(Dataset excerpts)
----
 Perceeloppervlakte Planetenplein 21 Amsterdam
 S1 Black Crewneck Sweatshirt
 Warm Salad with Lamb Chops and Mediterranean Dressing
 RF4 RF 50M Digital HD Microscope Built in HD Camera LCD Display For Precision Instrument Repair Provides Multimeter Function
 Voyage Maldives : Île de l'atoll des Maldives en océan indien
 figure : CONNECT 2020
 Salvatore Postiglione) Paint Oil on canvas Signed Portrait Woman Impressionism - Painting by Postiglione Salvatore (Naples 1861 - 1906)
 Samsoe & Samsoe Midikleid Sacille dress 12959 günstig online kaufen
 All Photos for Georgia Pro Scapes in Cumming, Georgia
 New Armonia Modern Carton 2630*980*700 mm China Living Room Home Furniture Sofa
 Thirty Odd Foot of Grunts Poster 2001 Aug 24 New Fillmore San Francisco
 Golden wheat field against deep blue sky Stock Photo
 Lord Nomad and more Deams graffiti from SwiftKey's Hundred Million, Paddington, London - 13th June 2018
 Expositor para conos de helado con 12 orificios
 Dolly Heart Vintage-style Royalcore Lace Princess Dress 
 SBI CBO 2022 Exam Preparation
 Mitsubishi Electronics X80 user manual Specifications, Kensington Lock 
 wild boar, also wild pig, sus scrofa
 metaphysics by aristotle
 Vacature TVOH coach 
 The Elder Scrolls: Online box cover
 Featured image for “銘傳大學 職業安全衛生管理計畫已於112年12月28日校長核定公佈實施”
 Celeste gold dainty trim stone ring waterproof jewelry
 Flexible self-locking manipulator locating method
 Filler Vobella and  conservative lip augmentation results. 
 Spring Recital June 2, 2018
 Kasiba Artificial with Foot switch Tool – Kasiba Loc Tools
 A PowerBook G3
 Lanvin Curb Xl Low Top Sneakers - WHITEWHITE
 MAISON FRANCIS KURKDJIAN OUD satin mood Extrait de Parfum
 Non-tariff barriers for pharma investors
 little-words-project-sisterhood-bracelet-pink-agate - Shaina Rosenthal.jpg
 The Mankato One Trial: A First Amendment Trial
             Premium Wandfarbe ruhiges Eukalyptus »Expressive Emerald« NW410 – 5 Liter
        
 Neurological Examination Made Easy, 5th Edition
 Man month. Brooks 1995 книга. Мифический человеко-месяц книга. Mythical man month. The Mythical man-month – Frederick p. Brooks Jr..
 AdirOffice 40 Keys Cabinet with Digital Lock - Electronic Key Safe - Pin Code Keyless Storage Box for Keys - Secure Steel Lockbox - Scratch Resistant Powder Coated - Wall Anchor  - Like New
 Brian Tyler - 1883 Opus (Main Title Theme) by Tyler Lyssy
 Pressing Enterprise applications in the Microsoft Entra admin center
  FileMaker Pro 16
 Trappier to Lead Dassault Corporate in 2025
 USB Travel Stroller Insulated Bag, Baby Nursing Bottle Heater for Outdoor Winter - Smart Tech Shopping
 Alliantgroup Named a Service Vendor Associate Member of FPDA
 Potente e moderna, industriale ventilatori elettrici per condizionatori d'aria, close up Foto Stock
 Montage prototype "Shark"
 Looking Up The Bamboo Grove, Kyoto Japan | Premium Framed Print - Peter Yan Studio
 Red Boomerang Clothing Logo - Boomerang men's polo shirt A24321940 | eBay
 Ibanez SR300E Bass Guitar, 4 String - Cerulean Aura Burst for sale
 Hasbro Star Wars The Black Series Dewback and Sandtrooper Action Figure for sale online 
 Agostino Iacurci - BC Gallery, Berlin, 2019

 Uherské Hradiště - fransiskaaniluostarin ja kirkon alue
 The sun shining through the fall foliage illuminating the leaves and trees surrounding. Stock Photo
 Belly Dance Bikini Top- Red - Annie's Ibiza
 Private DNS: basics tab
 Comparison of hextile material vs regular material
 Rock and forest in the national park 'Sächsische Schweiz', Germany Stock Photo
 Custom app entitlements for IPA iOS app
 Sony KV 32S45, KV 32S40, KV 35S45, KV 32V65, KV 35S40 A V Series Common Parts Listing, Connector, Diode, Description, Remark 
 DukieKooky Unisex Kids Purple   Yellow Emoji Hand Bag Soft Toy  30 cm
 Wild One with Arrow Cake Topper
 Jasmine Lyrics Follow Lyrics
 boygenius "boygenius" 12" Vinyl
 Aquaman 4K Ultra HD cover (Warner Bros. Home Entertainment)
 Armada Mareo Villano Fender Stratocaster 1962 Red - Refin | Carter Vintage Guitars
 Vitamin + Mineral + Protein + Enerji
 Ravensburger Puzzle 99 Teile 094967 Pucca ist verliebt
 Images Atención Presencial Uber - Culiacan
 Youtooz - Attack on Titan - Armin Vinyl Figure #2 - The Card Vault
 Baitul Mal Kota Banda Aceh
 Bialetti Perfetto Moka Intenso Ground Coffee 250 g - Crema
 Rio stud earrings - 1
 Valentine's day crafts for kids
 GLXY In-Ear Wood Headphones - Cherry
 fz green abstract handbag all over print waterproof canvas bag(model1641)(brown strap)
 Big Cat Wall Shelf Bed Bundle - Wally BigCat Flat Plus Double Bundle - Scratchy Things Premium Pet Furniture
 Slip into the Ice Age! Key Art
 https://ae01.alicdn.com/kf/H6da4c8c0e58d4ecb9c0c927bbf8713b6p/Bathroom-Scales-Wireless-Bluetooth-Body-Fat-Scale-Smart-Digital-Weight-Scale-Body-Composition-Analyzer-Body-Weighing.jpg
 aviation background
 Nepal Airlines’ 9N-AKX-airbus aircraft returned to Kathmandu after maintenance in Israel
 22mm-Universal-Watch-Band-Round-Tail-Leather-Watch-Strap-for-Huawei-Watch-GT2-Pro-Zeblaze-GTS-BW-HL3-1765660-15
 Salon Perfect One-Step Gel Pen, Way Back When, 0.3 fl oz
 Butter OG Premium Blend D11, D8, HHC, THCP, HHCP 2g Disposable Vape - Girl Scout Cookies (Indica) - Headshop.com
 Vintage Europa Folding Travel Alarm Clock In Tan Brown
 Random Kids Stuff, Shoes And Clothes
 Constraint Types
----
YOUR INSTRUCTIONS — From the records above, retype only the lines starting at the line that contains "Private DNS: basics tab" and ending at the line that contains "Slip into the Ice Age! Key Art", both included.

RESULT —
 Private DNS: basics tab
 Comparison of hextile material vs regular material
 Rock and forest in the national park 'Sächsische Schweiz', Germany Stock Photo
 Custom app entitlements for IPA iOS app
 Sony KV 32S45, KV 32S40, KV 35S45, KV 32V65, KV 35S40 A V Series Common Parts Listing, Connector, Diode, Description, Remark 
 DukieKooky Unisex Kids Purple   Yellow Emoji Hand Bag Soft Toy  30 cm
 Wild One with Arrow Cake Topper
 Jasmine Lyrics Follow Lyrics
 boygenius "boygenius" 12" Vinyl
 Aquaman 4K Ultra HD cover (Warner Bros. Home Entertainment)
 Armada Mareo Villano Fender Stratocaster 1962 Red - Refin | Carter Vintage Guitars
 Vitamin + Mineral + Protein + Enerji
 Ravensburger Puzzle 99 Teile 094967 Pucca ist verliebt
 Images Atención Presencial Uber - Culiacan
 Youtooz - Attack on Titan - Armin Vinyl Figure #2 - The Card Vault
 Baitul Mal Kota Banda Aceh
 Bialetti Perfetto Moka Intenso Ground Coffee 250 g - Crema
 Rio stud earrings - 1
 Valentine's day crafts for kids
 GLXY In-Ear Wood Headphones - Cherry
 fz green abstract handbag all over print waterproof canvas bag(model1641)(brown strap)
 Big Cat Wall Shelf Bed Bundle - Wally BigCat Flat Plus Double Bundle - Scratchy Things Premium Pet Furniture
 Slip into the Ice Age! Key Art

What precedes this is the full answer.